Refer to the stage base and resources definitions in Curator for full details.

### Resource Semantics

`Resources` support both fractional and whole‑GPU semantics:

* `gpu_memory_gb`: Request a fraction of a single GPU by memory; Curator rounds to a fractional GPU share and enforces that `gpu_memory_gb` stays within one device.
* `entire_gpu`: Request an entire GPU regardless of memory (also implies access to hardware decoders and encoders on that device).
* `gpus`: Request more than one GPU for a stage that is multi‑GPU aware.
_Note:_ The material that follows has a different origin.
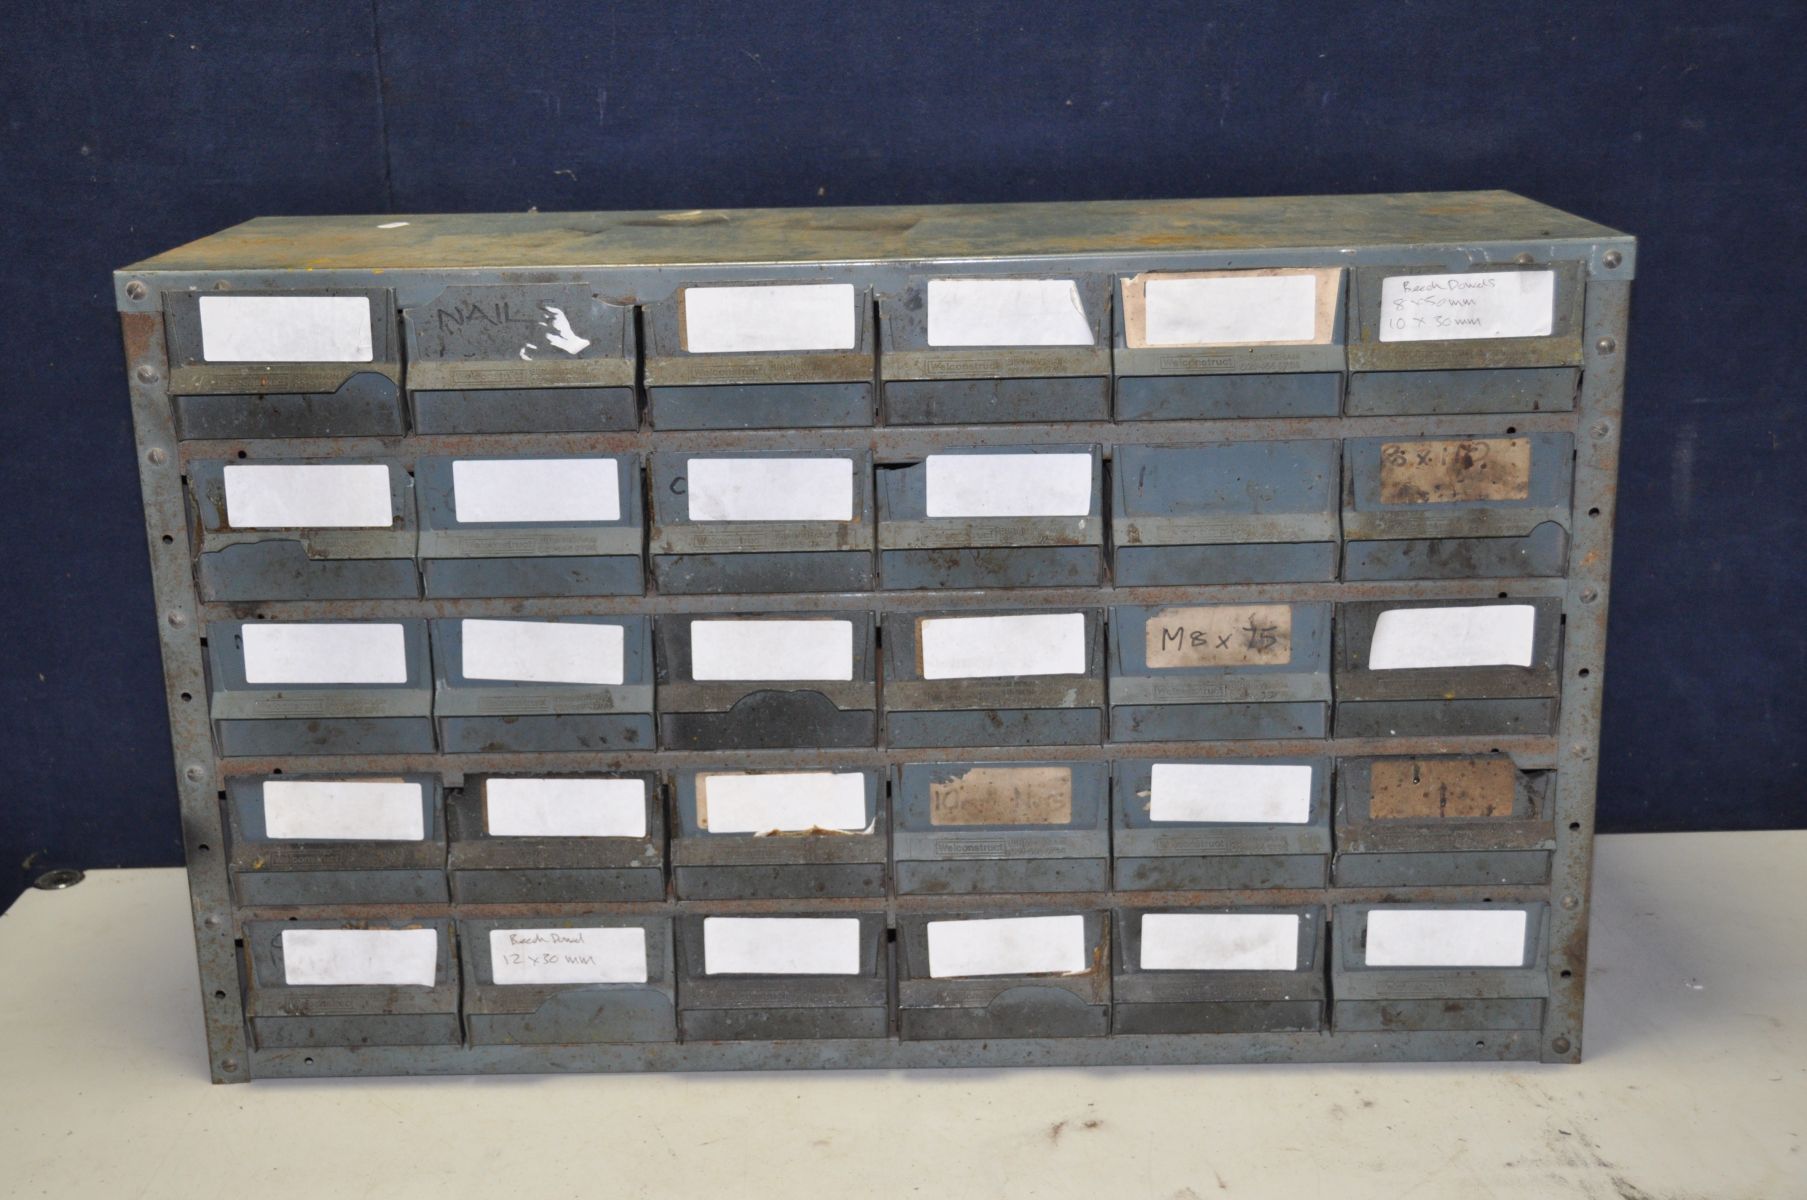 AN INDUSTRIAL METAL WORKSHOP DRAWER UNIT with thirty plastic 'Well construct' drawers , width 90cm

Choose one of `gpu_memory_gb` (single‑GPU fractional) or `gpus` (multi‑GPU). Combining both is not allowed.

## Tasks

Video pipelines operate on task types defined in Curator:

* `VideoTask`: Wraps a single input `Video`
* `Video`: Holds decoded metadata, frames, and lists of `Clip`
* `Clip`: Holds buffers, extracted frames, embeddings, and caption windows

Stages transform tasks stage by stage (for example, `VideoReader` populates `Video`, splitting stages create `Clip` objects, embedding and captioning stages annotate clips, and writer stages persist outputs).

## Executors

Executors run pipelines on a backend. Curator uses [`XennaExecutor`](https://github.com/nvidia-cosmos/cosmos-xenna) to translate `ProcessingStage` definitions into Cosmos-Xenna stage specifications and run them on Ray with automatic scaling. Execution modes include streaming (default) and batch.